Zotero on steroids

I’m a big Zotero fan.  Anyone who has access to the Firefox web browser and needs or wants to keep track of bibliographies, websites, and other material used for research should use it instead of the bloated, overly expensive, difficult to use commercial citation managers such as Reference Manager, RefWorks, ProCite, and the like.  Zotero does everything you need and more, and does it better than the competition.  Did I mention it’s free?!

Today in the Chronicle of Higher Education there is an article (it’s freely available, you don’t need a subscription to access it) about a proposal made by the creators of Zotero to put it on steroids.  Put simply, they intend to make Zotero the tool of choice for researchers, scientists, professors, and others to load their research works into a shared database hosted by the Internet Archive.  The article notes the general failure (oh wait, I mean, lack of success) that libraries have had with doing this on an institution-by-institution basis using tools such as DSpace.  There is a scathing review about so-called institutional repositories and their use by libraries by one of the people I’d deem to be a foremost expert on utilizing DSpace, Dorothea Salo. It is well worth reading.

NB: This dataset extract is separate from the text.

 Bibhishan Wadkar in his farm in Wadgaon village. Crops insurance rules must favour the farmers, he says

Anyway, I think this whole idea — actually, it’s more than that because the Mellon Foundation just dished out hundreds of thousands of dollars to make it a reality — has many beneficial implications and I hope Dan Cohen and his team at the Center for History and New Media at George Mason University have all the success they hope for with it.  (Thanks to Wally Grotophorst for the mention.)

Roadblock to full OpenURLness [Updated]

This week I encountered a significant roadblock when trying to use OpenURL in a situation where it is a natural fit. Let me explain the scenario. A scientific researcher at the company where I work built an extensive bibliography of journal articles on a particular subject, and wants to publish that bibliography on the company intranet, complete with hyp[er]text links to the full text. This person initially thought it’d be ok to simply mount the full text articles that he had downloaded in the same webspace as the bibliography, and simply link to the files. Of course, that ideas was quickly shot down. Instead, we thought, why can’t we take this bibliography, check it against our SFX KnowledgeBase to see what articles we have available in full text, and then output the complete OpenURL for each of those articles for this researcher to use when marking up and publishing his bibliography?

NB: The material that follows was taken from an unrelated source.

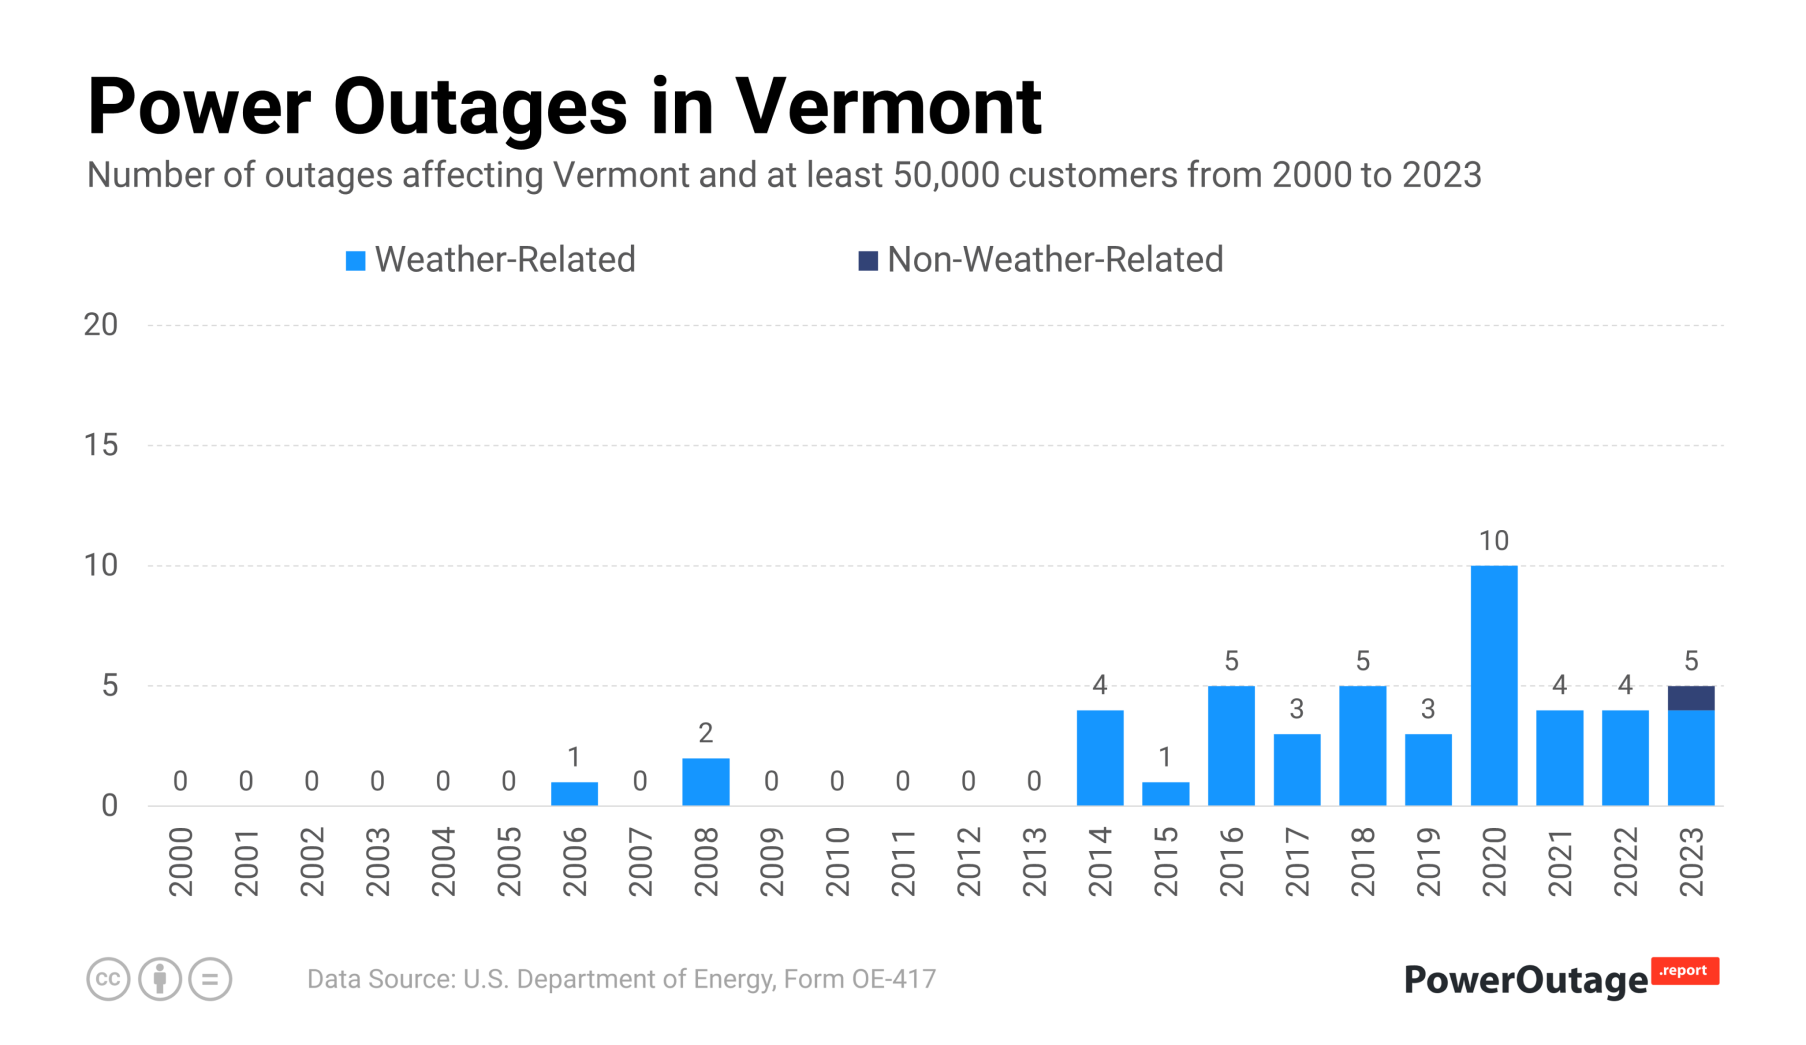 Vermont Power Outage Statistics (2000 - 2021)

The use case sounds straightforward, right? Turns out that it is anything but. I was provided with a text file of citations and was asked to come up with appropriate SFX links for each. Of course I could have manually rekeyed the citations one by one into a search form querying our SFX KB, but that would take quite a long time and quite a bit of effort. I tried to think of how this whole process could be automated.

On the advice of Dan Chudnov I downloaded an open source application written in Perl called Biblio-Citation-Parser, which on the face of it seemed to be exactly what I needed. I need a way to automatically parse the whole list of citations into the necessary chunks of metadata, and then automatically generate an OpenURL for each citation. After trying unsuccessfully to get Biblio-Citation-Parser to work (this isn’t a limitation of the software but of my Perl expertise), I sent queries out to other SFX users as well as to the Code4Lib discussion list. There were several responses from members of the Code4Lib discussion list, some of whom mentioned the application that I already knew about. But it turns out that pretty much nobody in that community [at least among those who responded] had ever used it, and also, that nobody in that community had come up with a good solution to this parsing problem themselves.

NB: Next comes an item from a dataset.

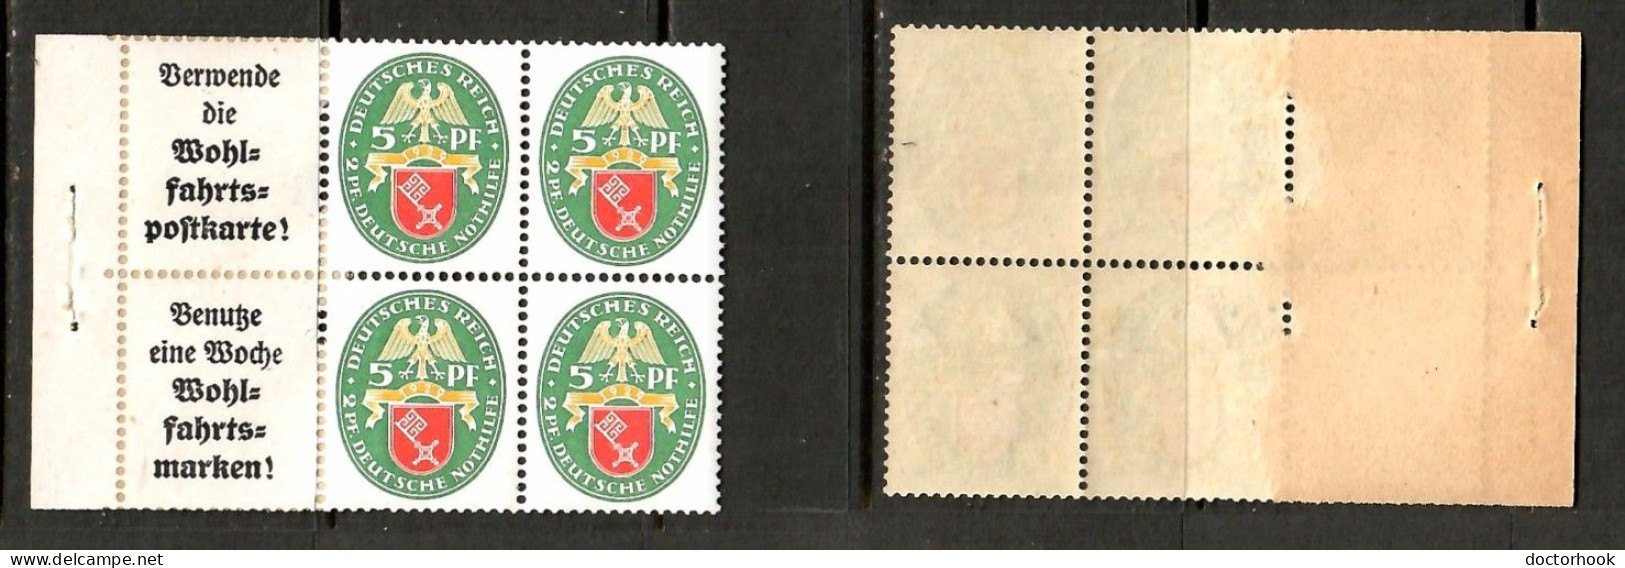 GERMANY   Scott # B 28* MINT OG BOOKLET PANE Of 4 + 2 LABELS (PAPER ADHESION)  (CONDITION AS PER SCAN) (LG-1764) - Libretti & Se-tenant

Since the original citations were stored in Reference Manager, one of the more common citation management software applications, I wrote back to the colleague who first asked me to help with this situation, asking him if he could provide me with the Reference Manager files. He did, and I downloaded a free trial version of the software, imported the references, then exported them in RIS format. Next, I imported the RIS output file into Zotero, and then exported the whole bibliography from Zotero into a readymade HTML bibliography. Because of Zotero’s built-in COinS functionality, the readymade HTML bibliography is automatically populated with OpenURLs. But I wasn’t done yet. I had to go through each citation by hand and test whether we did indeed have the article in full text, and also, to edit the HTML coding to substitute our company’s specific SFX base URL in each link.

In the end, I achieved what the user wanted — a list of bibliographic references with SFX links as the hypertext links. But it was a huge amount of work, and I kept asking myself, surely there is a better, easier way to do this?! Surely, someone, somewhere has already solved this problem of how to readily parse bibliographic citations in a text file and run them through a process to check for which articles are available in full text?

Maybe there is a much simpler solution and if you know of it, please comment on this post to let me know. I’m left thinking that this whole OpenURL stuff still has a ways to go in terms of ease of implementation for situations like I described.